In India AIDS appeared with a vengeance, unlike in its other neighbouring nations, by 1995, government estimate showed a reported 11,000 confirmed cases of aids. However, the Bombay-based Centre for AIDS Research and Control estimated that there were at least 50,000 full-blown cases by the mid-1990s.

After the bouts of fear and misgivings that gripped the world, a new feature of the disease came to the surface. Doctors discovered that there were careers who could transmit AIDS to their partners without developing the symptoms themselves. 

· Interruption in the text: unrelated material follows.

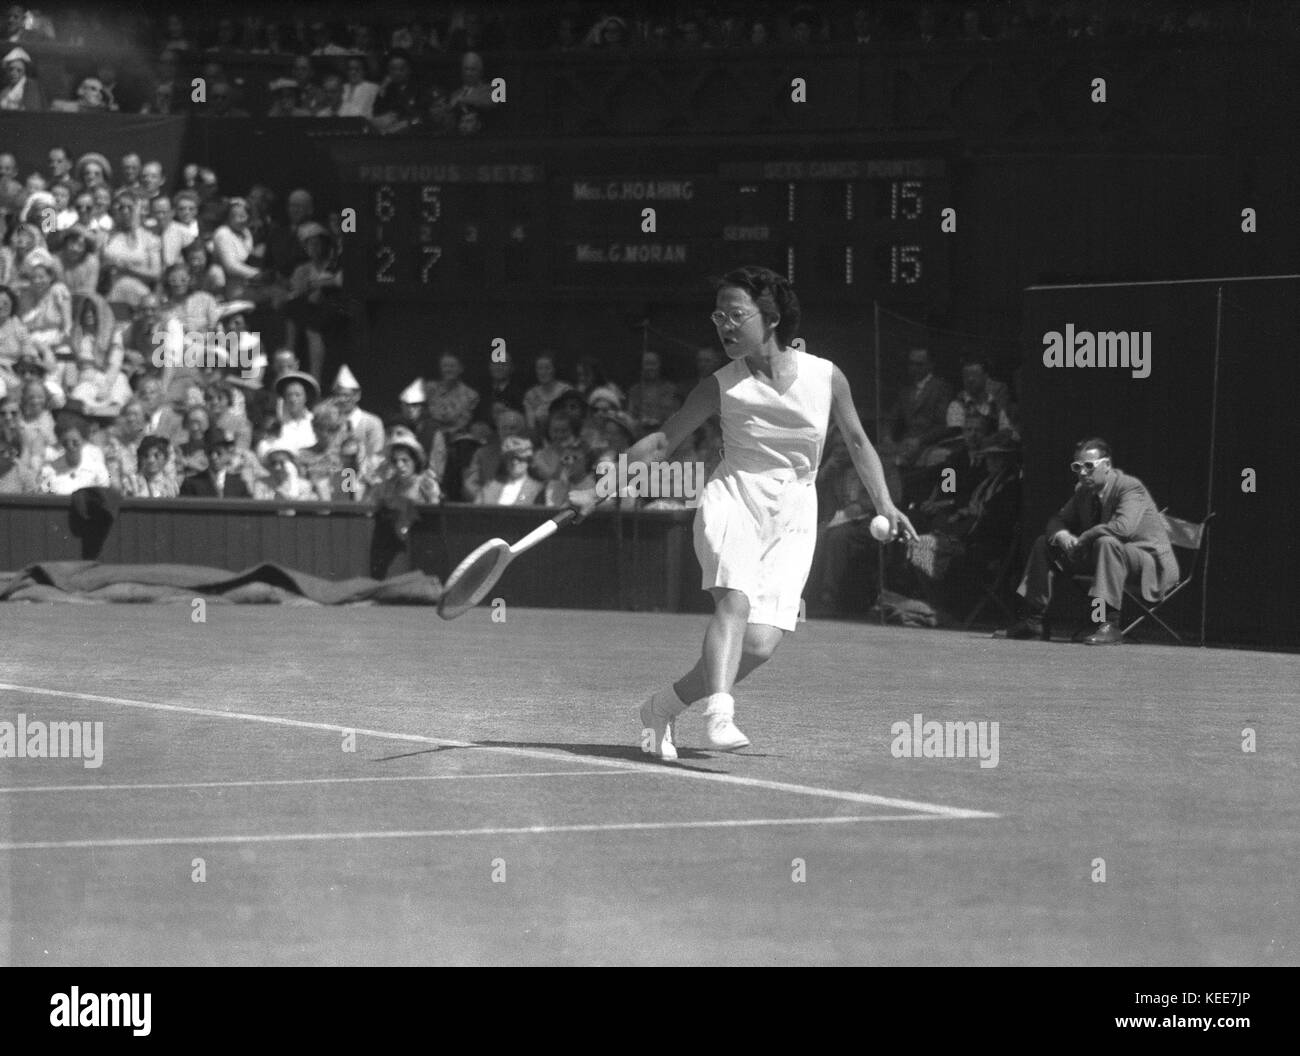 Wimbledon Tennis Championships 1949 "kleines Juwel Juwel Hoahing versus "Gorgeous" gussie Moran. 4 ft 9" tall Kleinod gewinnt Ihr Spiel 6-2, 5-7, 6-3 gegen Herrliche Gussie - wer berühmt für das Tragen der ersten frilly knickers und kurzes Kleid, entworfen von Teddy Tinling, in Ihrer vorherigen Match war. Foto von Tony Henshaw *** Local Caption *** Von der 100-Original Negativ. Stockfoto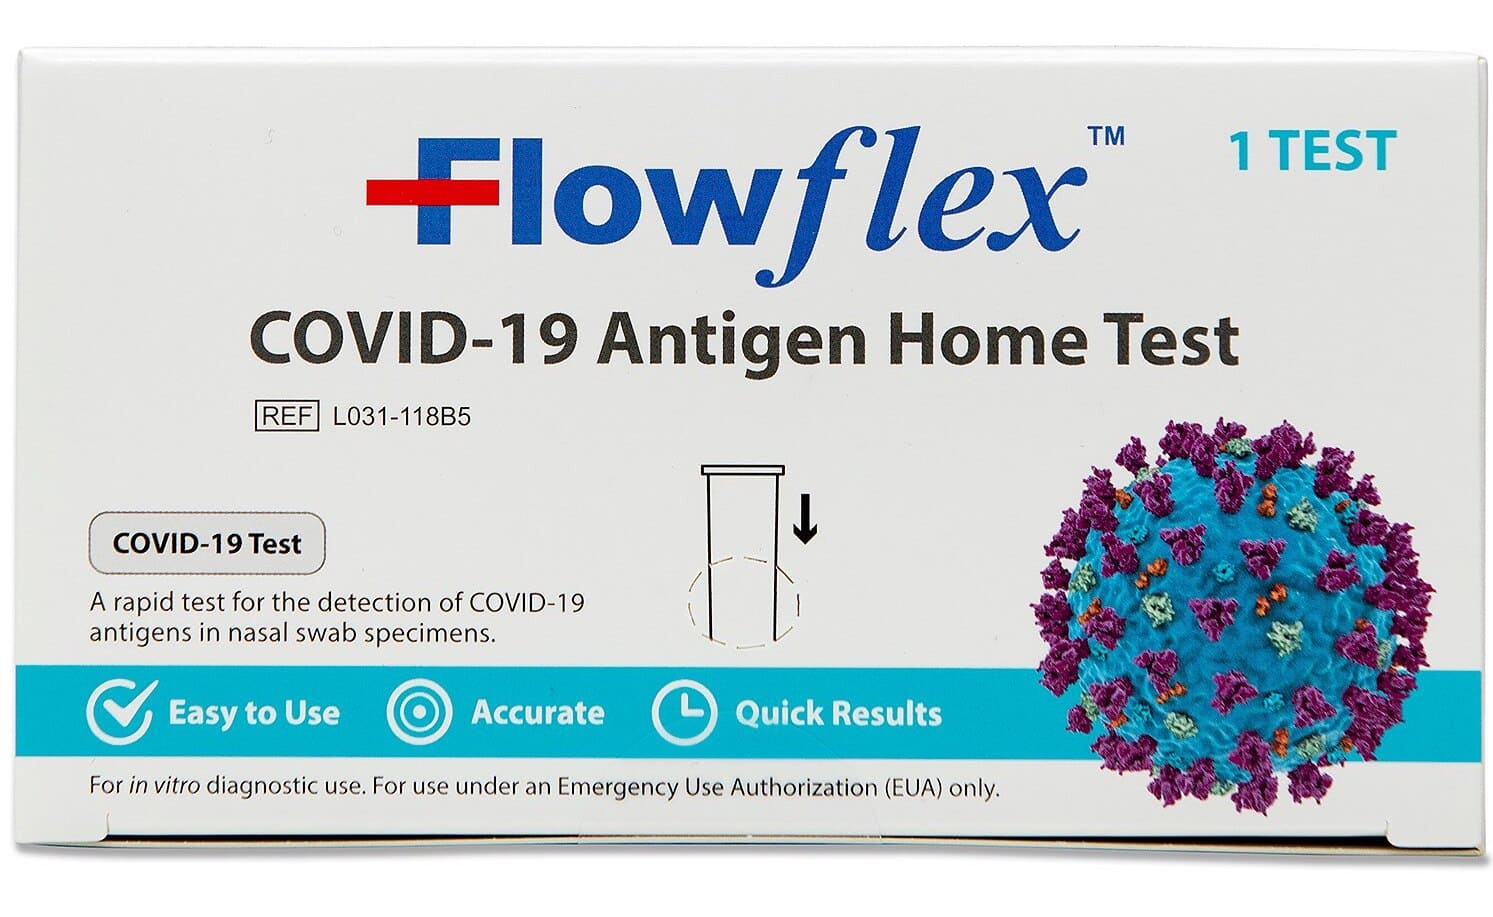 Flowflex Prueba Casera de Antígeno del COVID-19 1 test 1

A 1992 report in India Today brought to light someone named Dev, then 37, from a well-known Delhi school, who was an aids carrier for a long time but developed the disease in the last stage. Dev admitted to sexually promiscuous behaviour in Zambia seven years ago. His wife and daughter also tested positive for the deadly virus.

So the globalised fear of AIDS crossing borders was fuelled by the cases of infection detected in people who returned from abroad. In Bangladesh, people who returned from the US and certain European countries seemed to have stoked fear, though reality gave an altogether different picture. 

Therefore, such unfounded fears were short lived. HIV Aids have now been pushed out of focus. Though prejudices still exists around the globe, the danger that it once posed has also subsided, thanks to more and more patients who have been enjoying longer life. 

Light at the end of the tunnel

Medical News Today claims that the increase in life expectancy for people living with HIV has direct links to improvements in medical therapy, which includes antiretroviral medications.

A 22 years old gay HIV positive named Arun from the Middle East talks about how hard life is in the region since people like him are regularly discriminated against. 

"I was very scared when the counsellor told me that I was HIV positive and I cried. It was as if the world was over," he wrote on the site describing his experience.  

It's about three months since he started on antiretroviral treatment. The doctor told him that he would have to take this medication for the rest of his life or until a cure is found. At least HIV treatment is free in his country.

The world, perhaps, now needs a final cure for the disease that has been meddling with our common sense, our understanding that kept us from considering a disease as just that, a disease. Nothing more is expected of people who surround an AIDS patient today accept for care and patience.